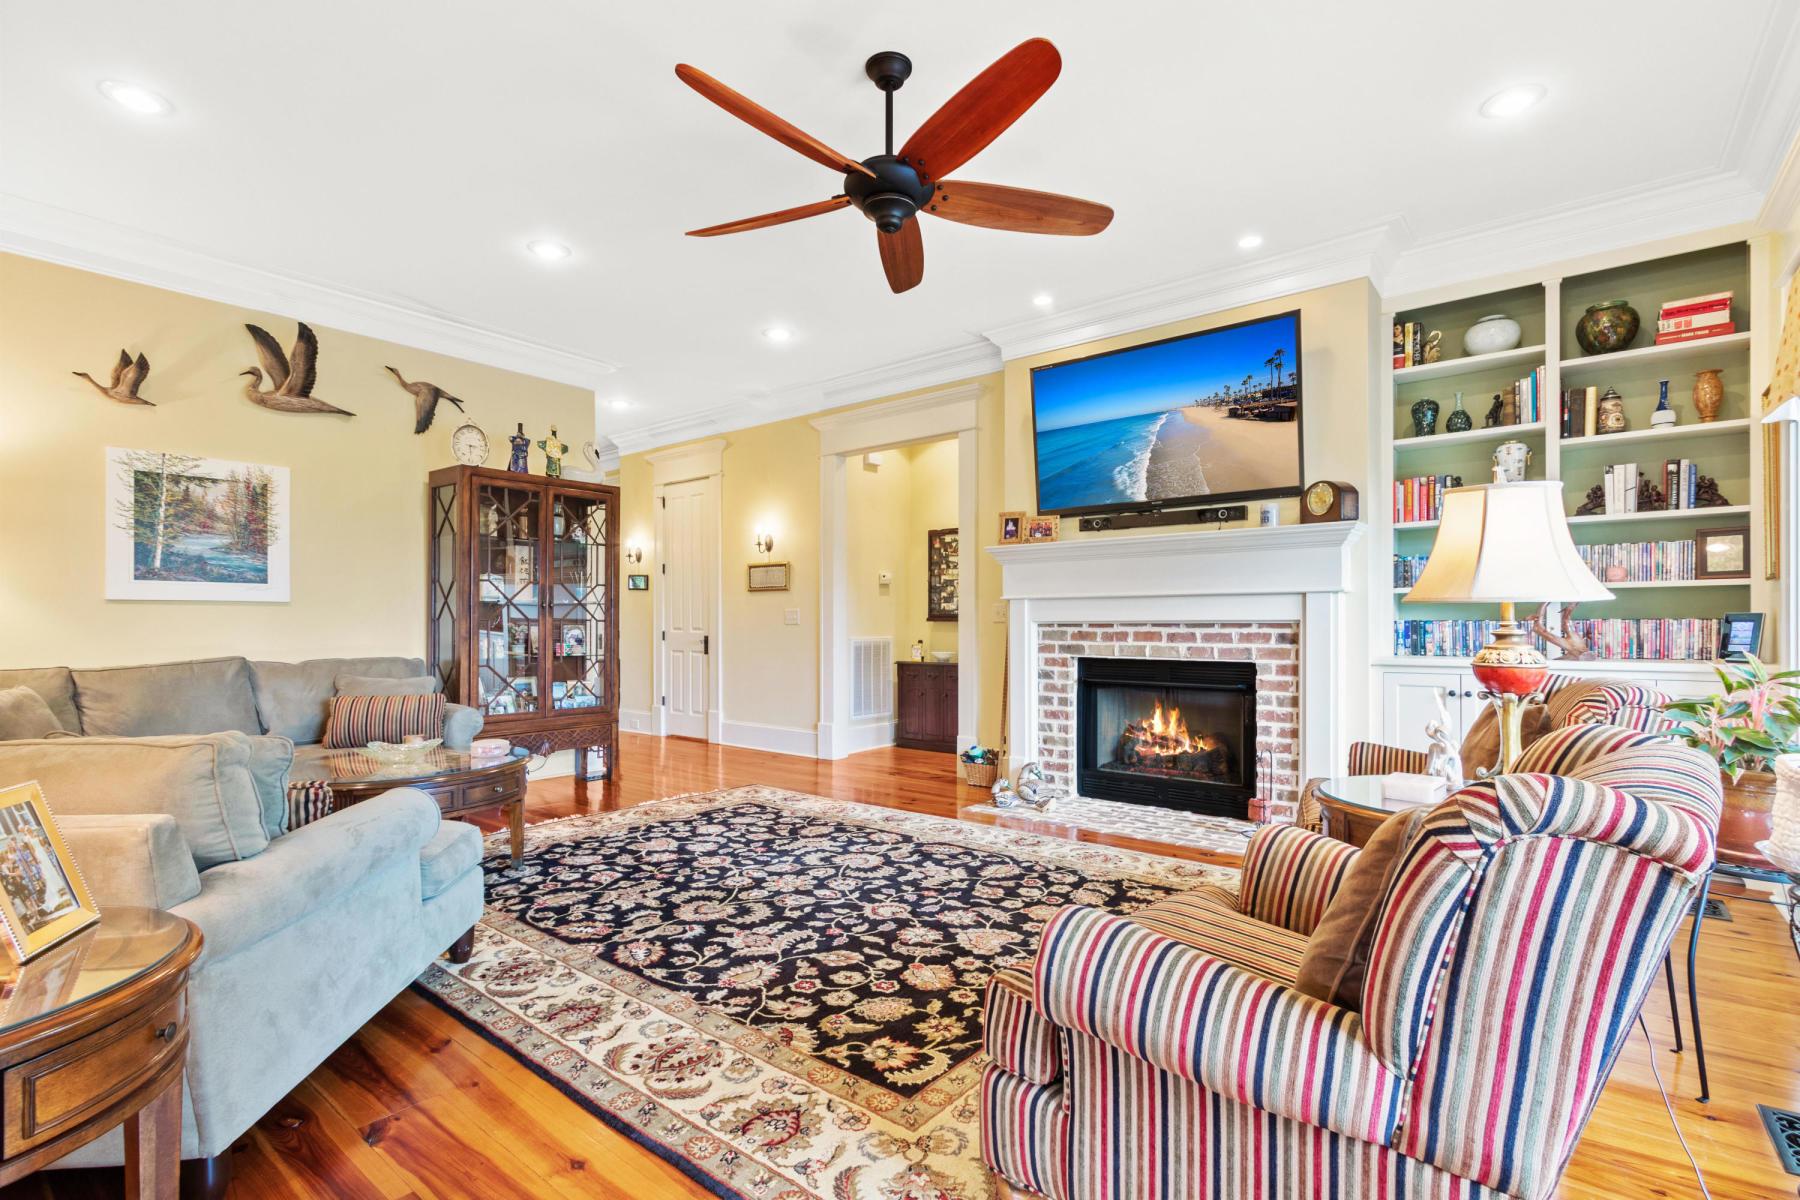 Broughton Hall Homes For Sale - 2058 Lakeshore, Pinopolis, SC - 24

---

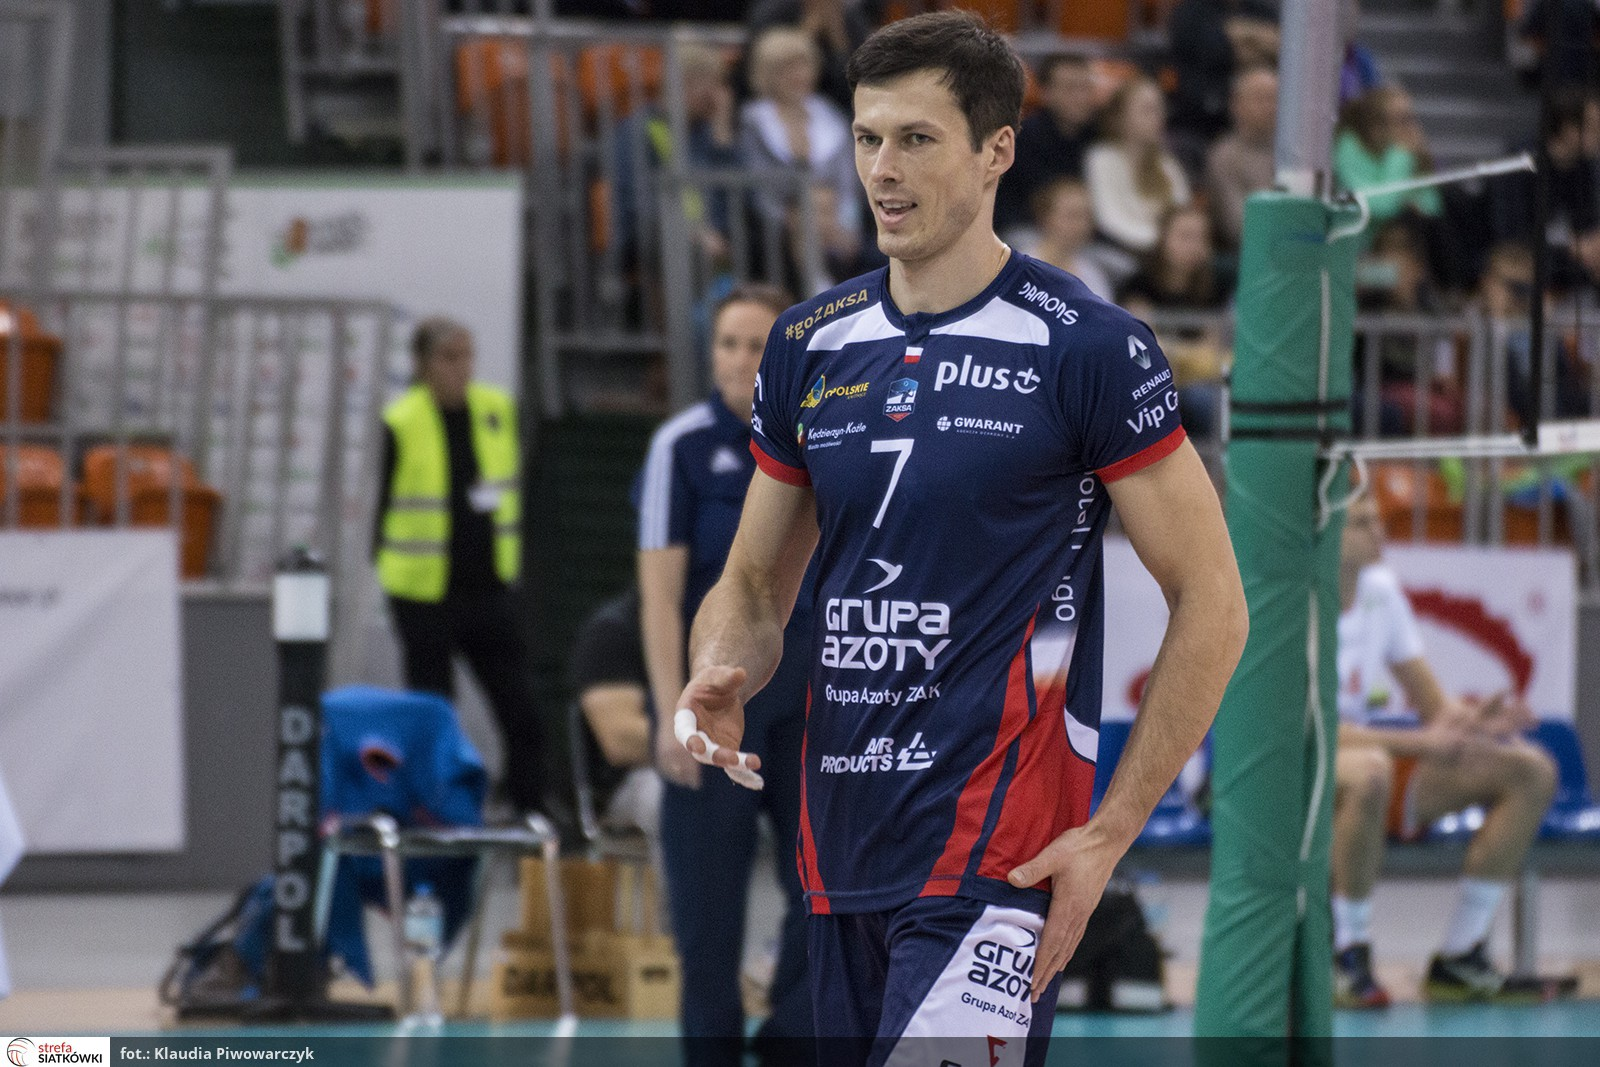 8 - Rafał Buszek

==

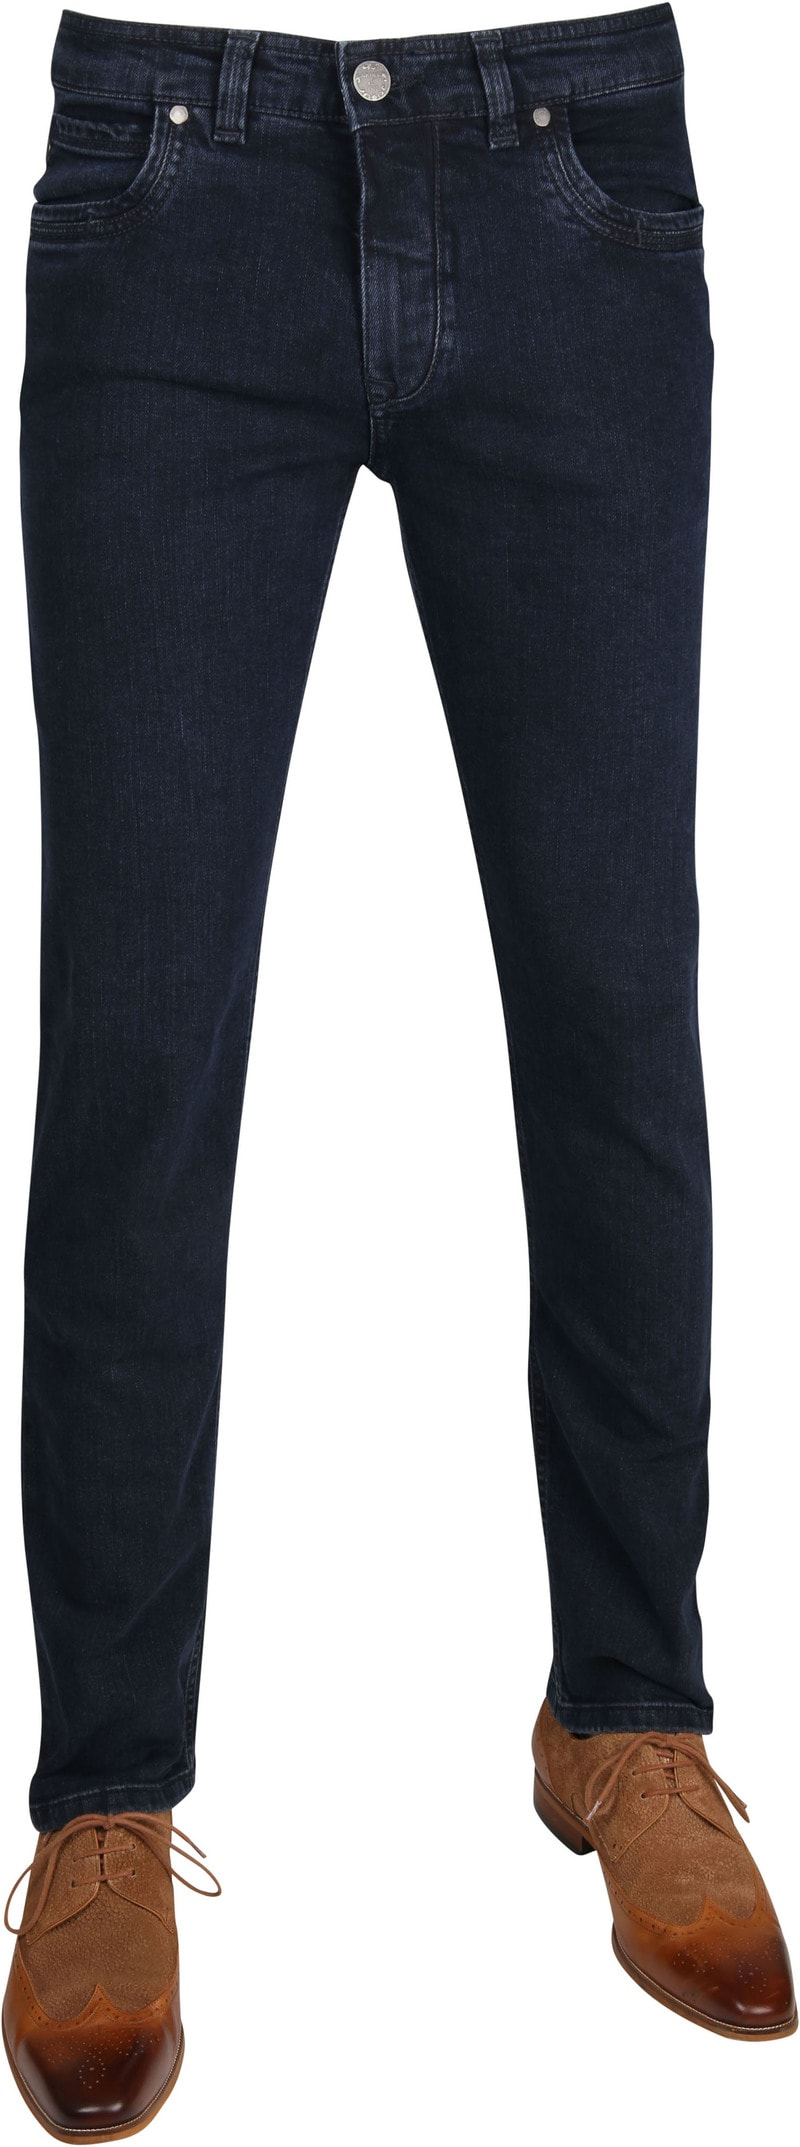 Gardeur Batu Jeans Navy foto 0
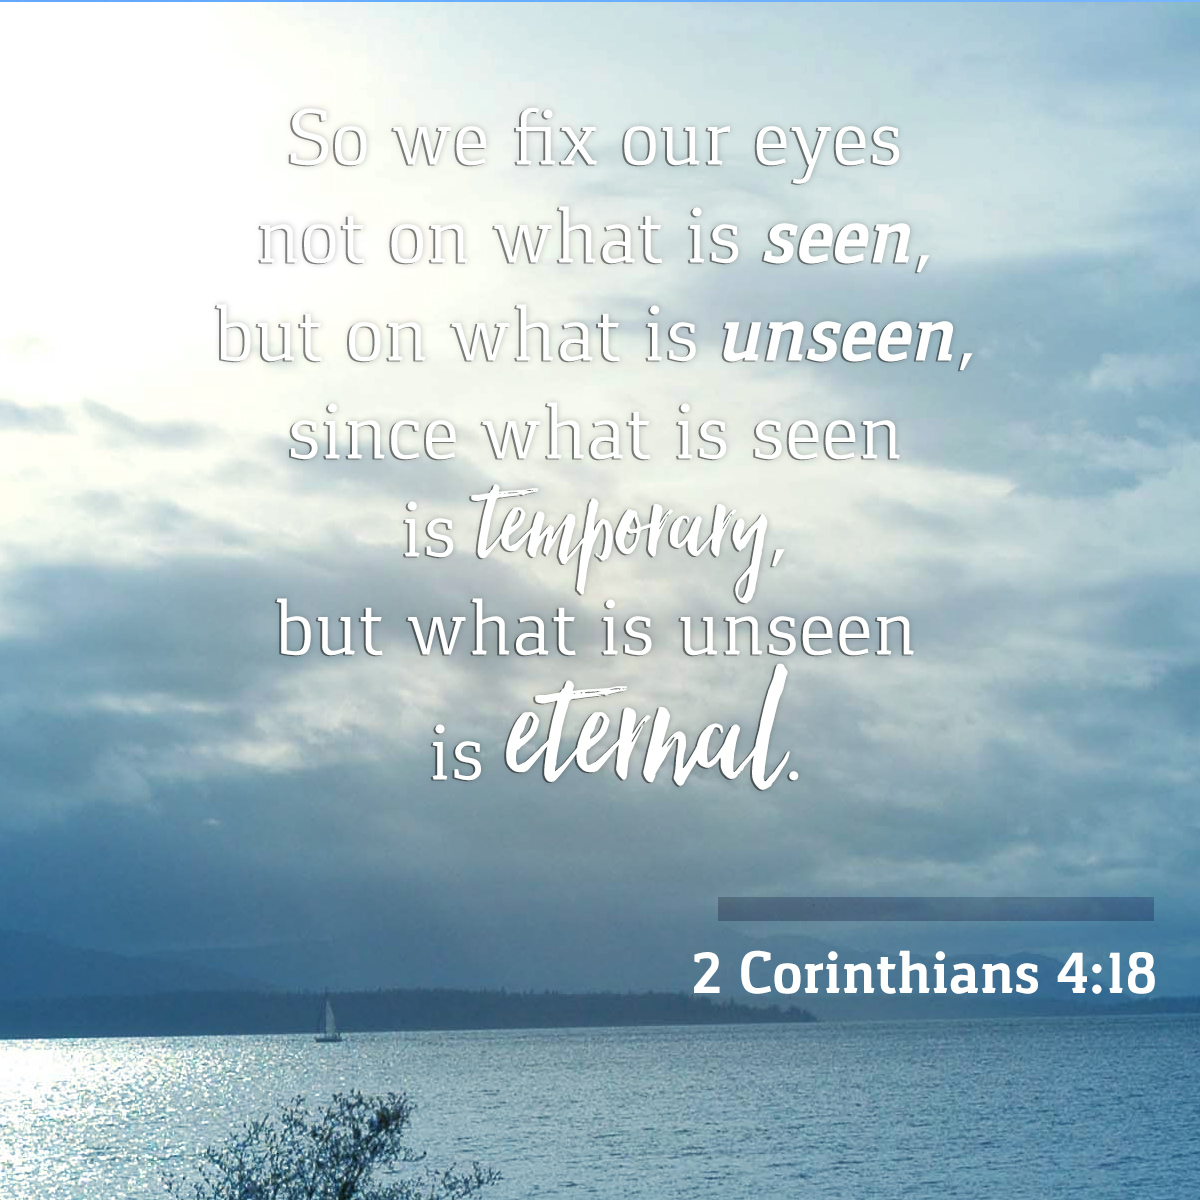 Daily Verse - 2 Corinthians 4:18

* REQUIREMENT
A clean copy is needed of the lines above from the one with "Gardeur Batu Jeans Navy foto 0" up to and including the one with "Daily Verse - 2 Corinthians 4:18". Please set it down exactly, with no pictures.

* TASK OUTPUT
 Gardeur Batu Jeans Navy foto 0
 Daily Verse - 2 Corinthians 4:18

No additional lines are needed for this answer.